It Can’t Be A Good Idea If You Agree With Me
April 4, 2012
As originally publish in the New Hampshire Union Leader
Good public policy can be boring and complicated. It often gets in the way of a good political argument. All too often, we support or oppose ideas because of who sponsored them not what they are. It’s a lot easier and stops us from having to think too much.
The evil twins who run the world from the right and the left are apparently named Koch and Soros. You may recall two years ago when then-chairman of the House Ways and Means committee Rep. Susan Almy was roundly castigated because she had a hearing on taxes in New Hampshire and one of the national speakers was from a group funded in part by the left wing billionaire George Soros.

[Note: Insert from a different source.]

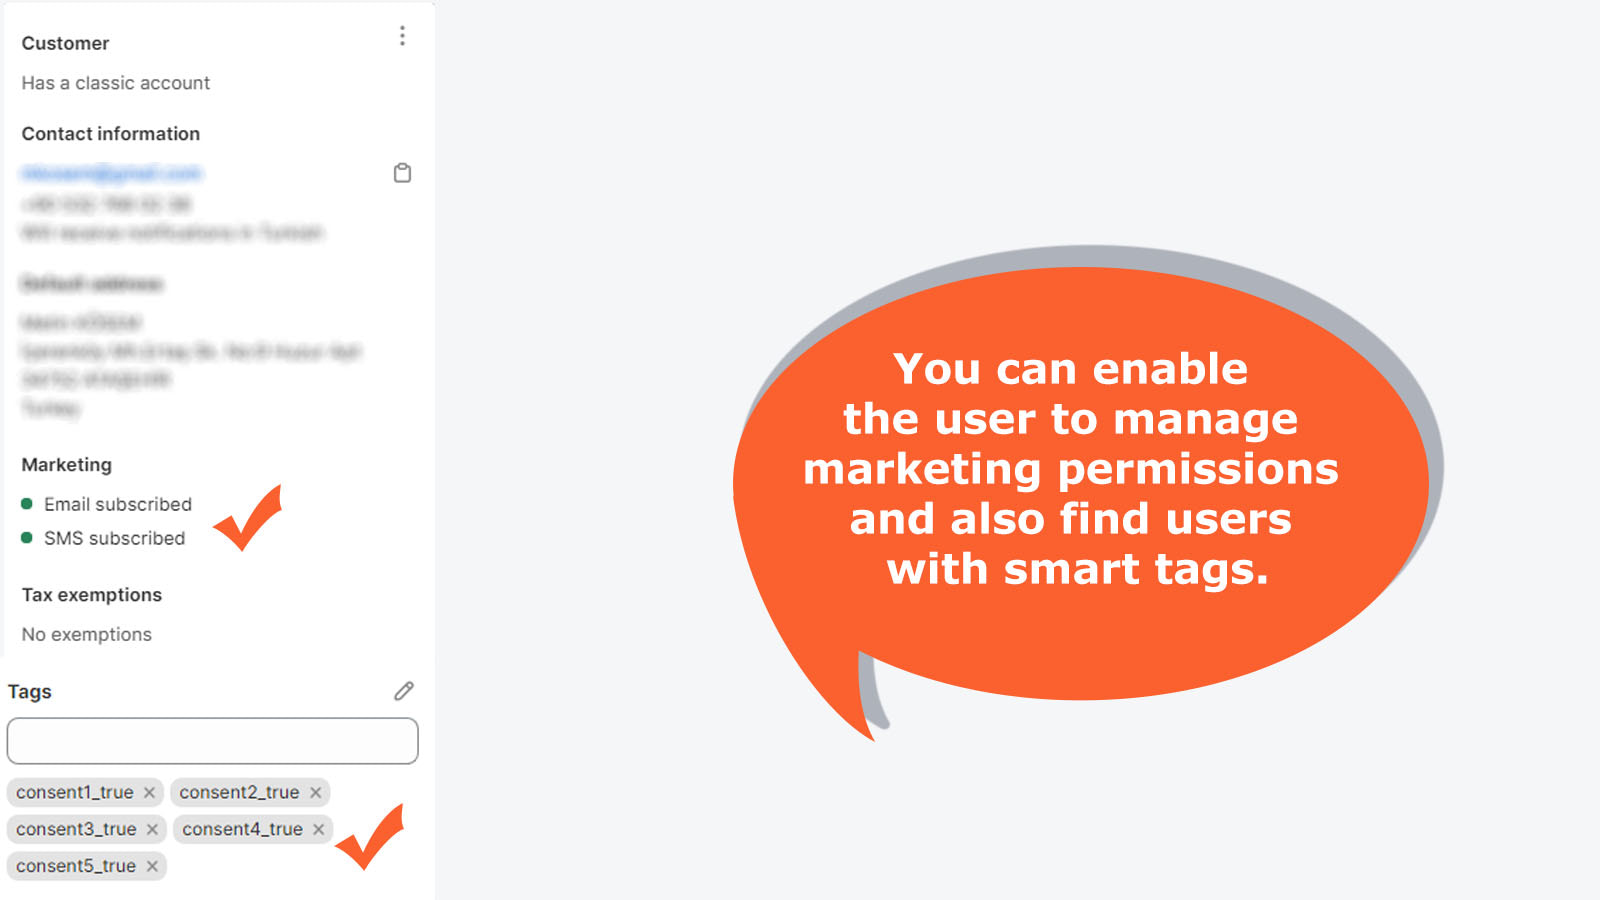 您可以使用戶能夠管理行銷權限並尋找具有智慧標籤的用戶。

At the time, I protested the protesters arguing that it was sensible that the tax committee of the House might actually discuss taxes. Further, the agenda was by any measurement balanced not just because it included me (although isn’t that enough?) but because the other two speakers were from a center-right think tank (the Tax Foundation) and the solidly conservative legislative foundation ALEC (yes, the good liberal Susan Almy brought the evil conservative ALEC to New Hampshire).
But for some, debate is unhealthy and instead the taint of Mr. Soros demanded anyone infected not be allowed to be heard. The conservative paranoia about Mr. Soros has a counterpart this year in liberal caterwauling about the chimerical Koch brothers.
Ideas are neither good nor bad. Debating them isn’t worth the time of your opponents. Instead, they need to create a bogeyman whose specter makes argument superfluous. I don’t need to explain that this is a bad idea. I merely have to utter the magic words Soros/Koch and all is explained.
I, for example, am accused regularly of being a puppet of the Koch brothers –unfortunately without the mitigating effect of actual donations from them. I’m thinking of applying for a grant by asking them “if I get accused of being your tool enough, shouldn’t we give in to what everyone wants? Please?”
In reality, it’s a compliment or would be if any of the accusers were sensible people. People confident in their ideas debate them. Those who merely don’t like “people like you” can’t debate ideas so they resort to silly attacks.
Unfortunately, this doesn’t further public policy, solve the problems of the day, or improve anyone’s life. It does, however, make for good entertainment. Cable “news” channels (and let’s be honest, they’re all more or less the same) excel in these substance free arguments.
There is a stepchild of this sort of non-argument. It’s softer but also problematic. We tend to ignore ideas proposed by a political opponent. Proposed by a friend, we might give it the benefit of the doubt and try to work on the details.
An obvious example of this is that the national Democrats respond to any Republican proposal on entitlements as “ending Medicare as we know it.” The ideas may be similar to other proposals by their friends or ones contained in the president’s commission but nothing sells voters like “ending Medicare as we know it.” The analogous attack on the other side is Republican angst about deficits that seemed to have only developed after George Bush left office. Bush deficits, fine. Obama deficits, bad.
There are smaller examples locally but one worth talking about is government reform. Although I have been quite critical of many of Governor Lynch’s fiscal choices, past results are not an indicator of future performance. The governor proposed consolidating 34 state licensing boards into one board of licensure to achieve overhead savings. This is a great idea.
Many conservatives have talked about finding efficiencies in government through combining functions and centralizing back office operating for efficiencies. Instead of 34 separate offices, boards, administrations, bookkeepers, little mini-departments, why not have one? In addition, decisions about which professions need licensing and which don’t are somewhat easier if there isn’t an office depending on it.
But there’s an obstacle. As one advocate of combining offices and merging overhead functions in other parts of state government said to me “but it’s Lynch’s idea.” Apparently, good ideas become bad if they’re proposed by a governor you don’t care for.
The idea is currently hibernating. The Senate gutted the bill and replaced it with something entirely different. I hope they rejected the plan, the perfect embodiment of the narrative under which the majority of them were elected, because they have grave concerns about geologists and practitioners of reflexology each needing their own separate board, staff, and overhead. That’s possible, right?